When the predecessor of § 1346(a)(1) was enacted, it also was subject to a dollar limitation but that limitation was later removed. That was based on a judgement by Congress that tax refund suits were different from other claims against the government and taxpayers should always be able to litigate those locally instead of with the CFC.

Which of those policy judgements should apply to the specific questions of interest on overpayments and underpayments of tax?

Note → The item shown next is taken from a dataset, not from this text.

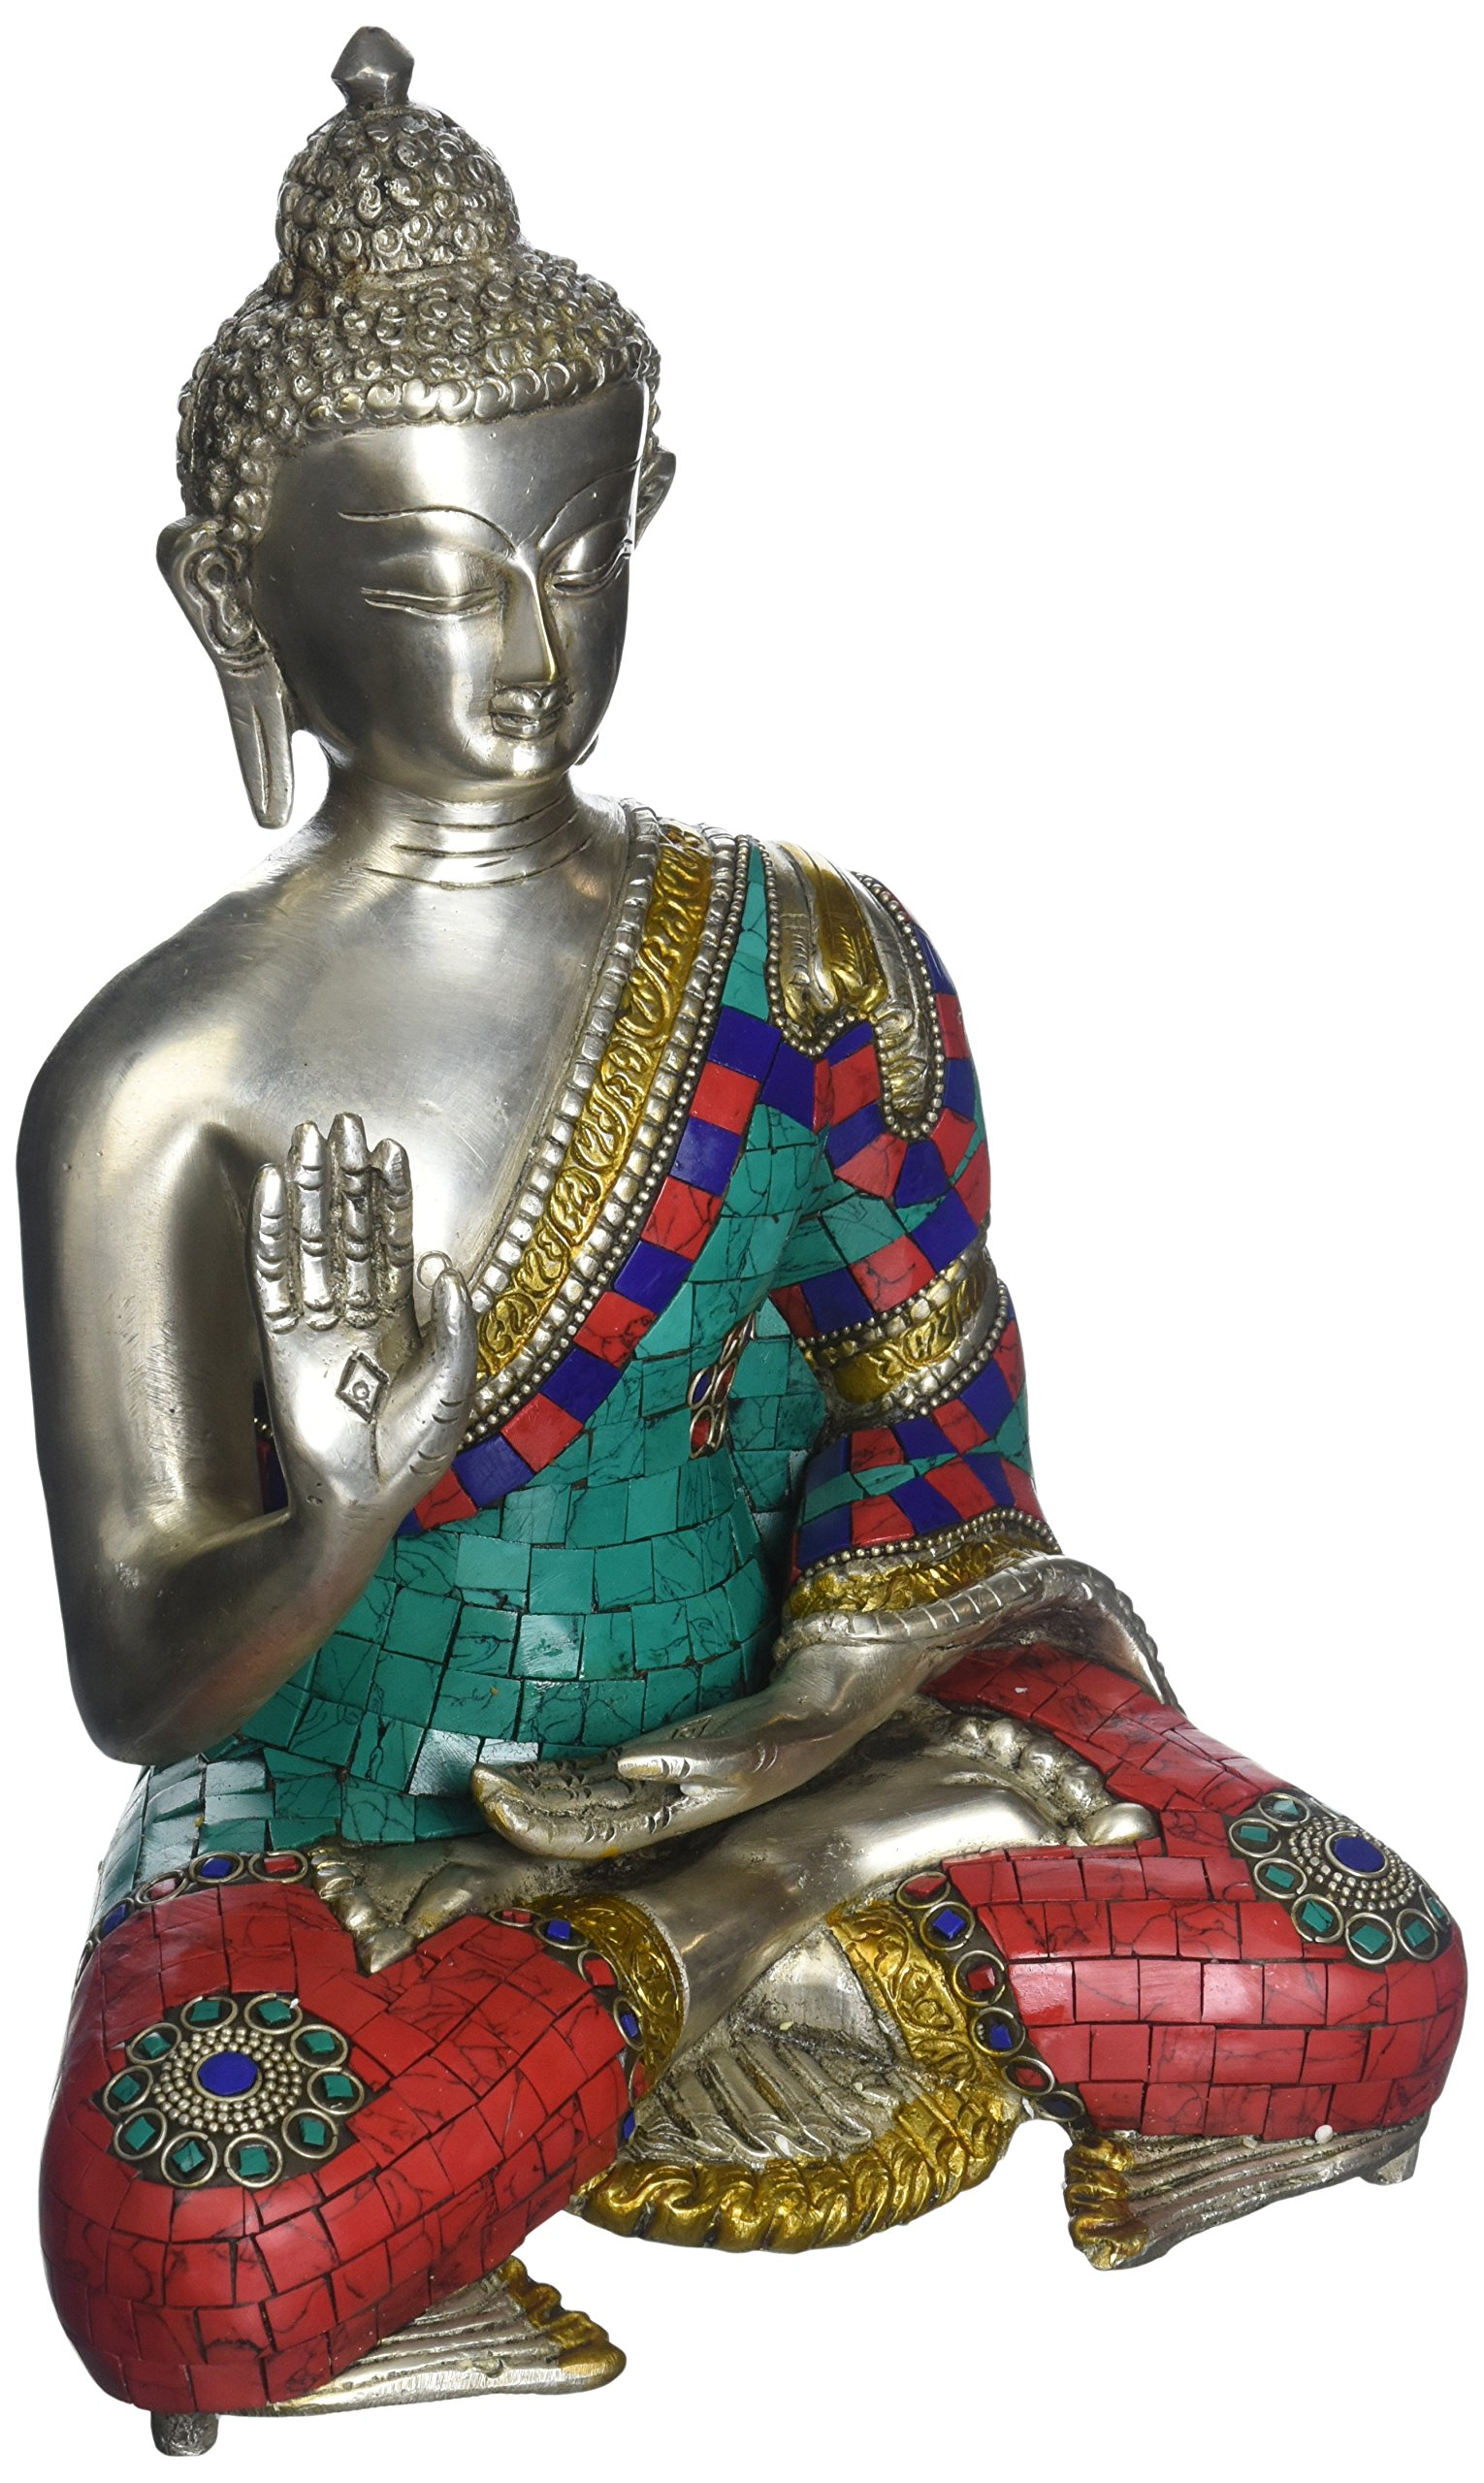 Aone India 11'' Abhaya Buddha Idol Brass Silver Turquoise Finish Hand Work Tibetan Buddha Statue Decor + Cash Envelope (Pack Of 10)

Many years ago, Mary McNulty and I were tracking all significant interest cases (both overpayment interest and underpayment interest). I recently looked back at the list as of five years ago. It showed 5 cases filed in district courts and 63 filed in the CFC. When you factor in the number of district court judges compared to the number of CFC judges, that ratio is orders of magnitude more experience by the CFC judges (as well as the Federal Circuit) with the specific, complex issues of interest. Most taxpayers chose that forum, although as precedents built up and unresolved issues were narrowed, there may be more motivation for taxpayers to avoid unfavorable precedents in the CFC and Federal Circuit, as in Bank of America.

And a final comment on CFC jurisdiction

I’ve been focusing in all of these blog posts on district court jurisdiction. But when I discussed Pfizer recently with Jack Townsend, he pointed out something in some of these opinions that I skipped over. The courts occasionally referred to § 1346(a)(1) as granting jurisdiction to both the district courts and the CFC.  Early in my career, I read the provision that way but over the years I came around to the idea that the reference to the CFC is just a reminder rather than an actual grant of jurisdiction. I don’t recall offhand ever seeing the CFC refer to that provision as the basis for its jurisdiction over a tax refund suit. I mentioned that briefly in this blog post but it’s worth pointing out explicitly.

The structure of the statute strongly supports that interpretation. Section 1346(a)(1) is part of Chapter 85 of Title 28, which is titled “District Courts; Jurisdiction.” Chapter 91 covers the CFC’s jurisdiction. The specific language “shall have original jurisdiction, concurrent with the United States Court of Federal Claims, of” appears in § 1346(a) and thus applies not only to § 1346(a)(1) but also to § 1346(a)(2). The latter certainly doesn’t grant jurisdiction to the CFC for Tucker Act claims, since the CFC already has jurisdiction under § 1491. And § 1346(a)(2) refers to “any other civil action or claim against the United States,” whereas § 1491 just says “any claim against the United States.” That convinces me that tax refund suits, covered by § 1346(a)(1), are a “claim against the United States” encompassed within § 1491.

If that doesn’t convince you, Jack’s blog post has a footnote by Judge Allegra on the topic that should.